Biomarker selection and training were performed with V1 of the assay. The equivalent classifier was applied to verification and validation studies using V2 of the assay.

https://doi.org/10.1371/journal.pone.0046091.g001

Statistical Analysis for Candidate Biomarker Selection and Classifier Construction

A major issue with diagnostic discovery, particularly when using archived sample sets is the possibility that systematic batch effects may distort the results and lead to errors in the selection of candidate disease biomarkers. The development of the diagnostic panel presented here was performed on a large data set with samples from multiple sites, which was designed to detect variations in sample preparation and to allow us to mitigate the risks associated with preanalytic variability. Of particular importance was the collection of paired pre-op and intra-op samples from twelve control individuals, because many of our MM samples were drawn intra-op, whereas most control samples were standard clinic draws. Having a wide range of control sample sets allowed us to exclude 214 potential markers which showed variation between the different control sample sets (Kolmogorov-Smirnov (KS) distance >0.45), or between matched intra-op and pre-op samples. Principal Components Analysis (PCA) was used to exclude samples and analytes that showed evidence of bias due to preanalytic variation. Samples and analytes with high coefficients on principal components associated with different sources of preanalytic variability were removed. The principal components associated with preanalytic variation were identified by correlating them with previous clinical experiments on preanalytic variation in blood sample collection [18]. As a result, one set of 30 SIN control samples from asbestos exposed individuals was removed, as the samples were found to have suffered extensive protein degradation. These samples were not included in the cohort description (Tables 1 and 2).
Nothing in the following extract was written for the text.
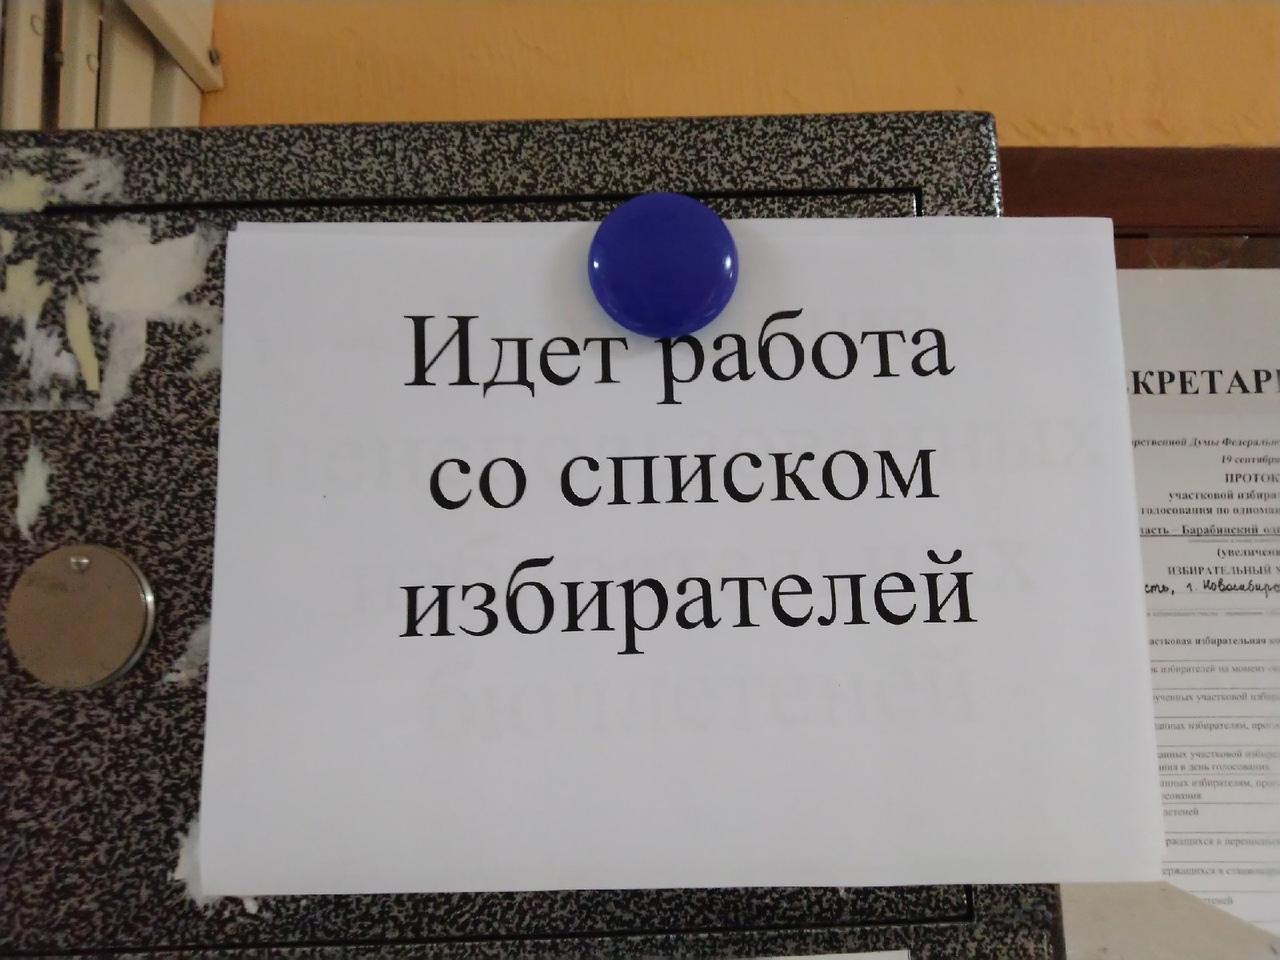 Фото Выборы в Новосибирске: онлайн дня голосования за депутатов Госдумы 19 сентября 2021 года 5

After excluding the proteins shown to be susceptible to variation between control groups, we performed candidate marker selection on a training dataset composed of MM samples and the asbestos-exposed control samples. Candidate biomarkers were ranked used the random forest Gini importance measure, which reflects the magnitude of an individual marker's contribution to the classifier performance, calculated from the construction of a random forest classifier on the 64 candidate biomarkers [19]. We ranked the candidate markers by their Gini importance and compared the performance of various size models constructed using the highest ranked markers. Thirteen proteins were used to construct a random forest classifier on the data set. Ranking the candidate biomarkers once based on a single random forest model built using all biomarkers was chosen over stepwise selection/backwards elimination techniques to avoid complexity. Since the random forest importance measure is calculated on the out of bag samples, this approach to ranking candidate markers by a single application of random forest classification should be somewhat resistant to over-fitting. Other methods of marker selection (modified t-tests, KS tests), came up with similar lists of markers, with slightly different orderings.
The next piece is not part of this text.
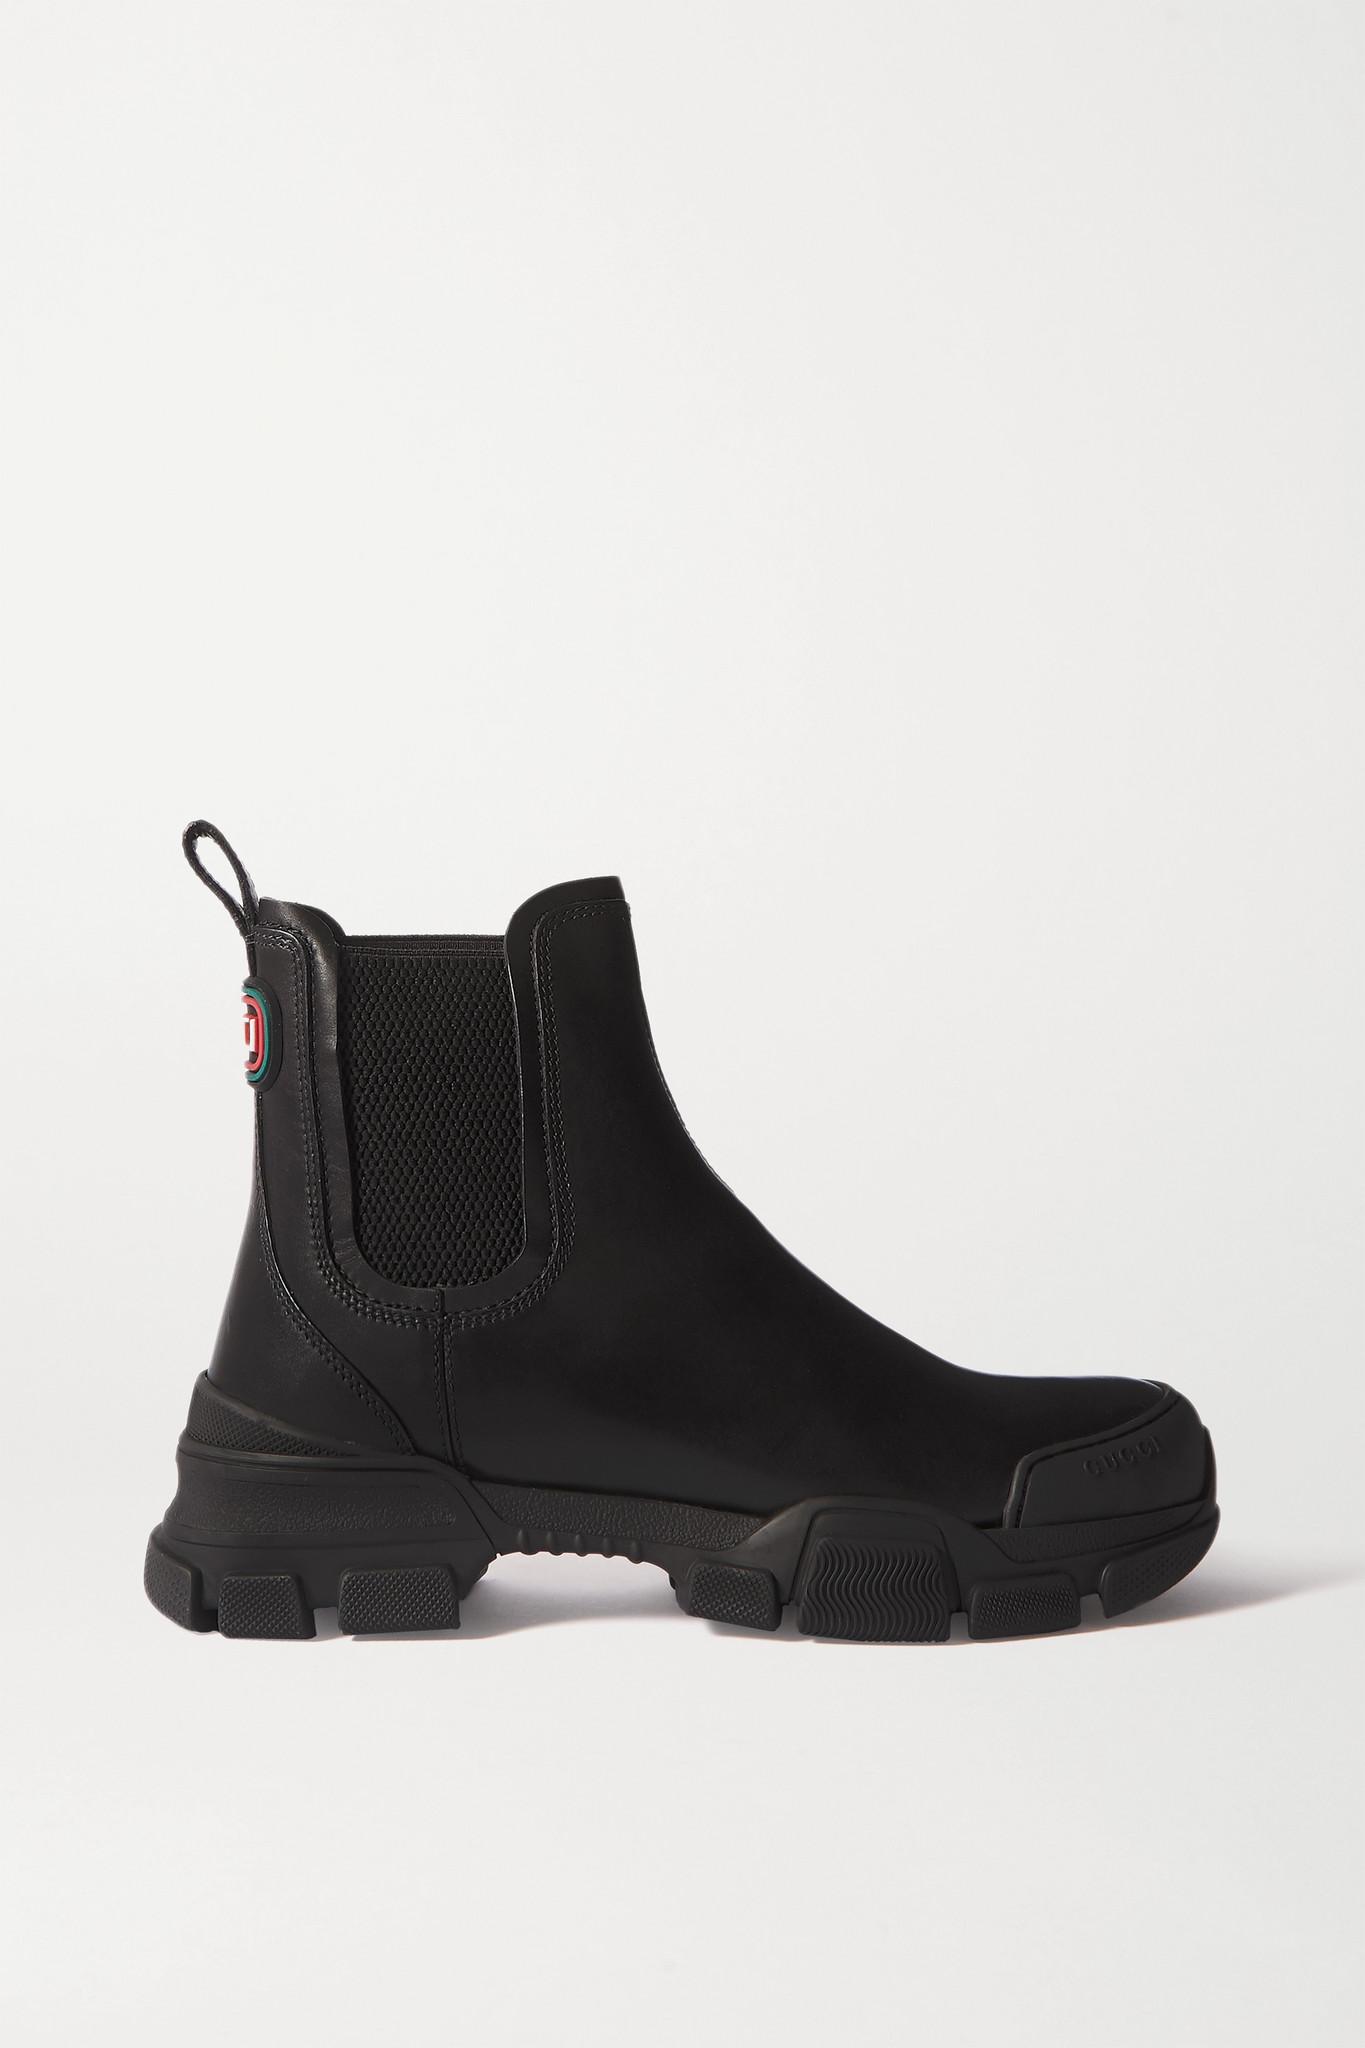 GUCCI - Leon 皮革切尔西靴 - 黑色 - IT41

The study design and execution were conducted according to accepted best practices [20]. Analyses were performed with R statistical software version 2.10.1. We used the R packages random forest (4.5–34) and fdrtool (1.2.6).

ELISA Correlation Studies

Mesothelin was measured with the Mesomark Assay (Fujirebio Diagnostics) [5] and compared to SOMAscan results for 32 cases and 34 controls, using a cutoff of 1.9 nM as described. FCN-2 was measured in serum samples with the Human L-ficolin ELISA kit (Hycult biotech, Uden, the Netherlands). Complement Factor 9 (MicroVue SC5b-9 EIA kit, Quidel Corporation, San Diego, CA USA), Factor IX (AssayMax Human Factor IX ELISA kit, AssayPro St. Charles, MO USA) and Human CXCL13 (Human CXCL13/BLC/BCA-1 Quantikine ELISA kit, R&D Systems, Minneapolis, MN USA) were analyzed in order to validate SOMAmer results in the 68 controls and 32 MMs in the blinded validation trial.

Results

We analyzed a total of 259 serum samples from four independent MM biorepositories in a series of prospectively designed case/control studies with archived samples (Figure 1 and Table 1). The study included serum collected from 117 MM patients and 142 high-risk controls, 94% of whom had documented asbestos exposure (Table 2). The remaining 6% of controls were individuals who had unusual occupations and included engineers who were not on site at high risk jobs, teachers, and nuclear power plant workers. They still participated in screening because of their association with others at high risk. One third of the MM cases had stage I or II disease, which enabled discovery of potential biomarkers of early disease and the possibility to identify patients with a chance for curative intervention.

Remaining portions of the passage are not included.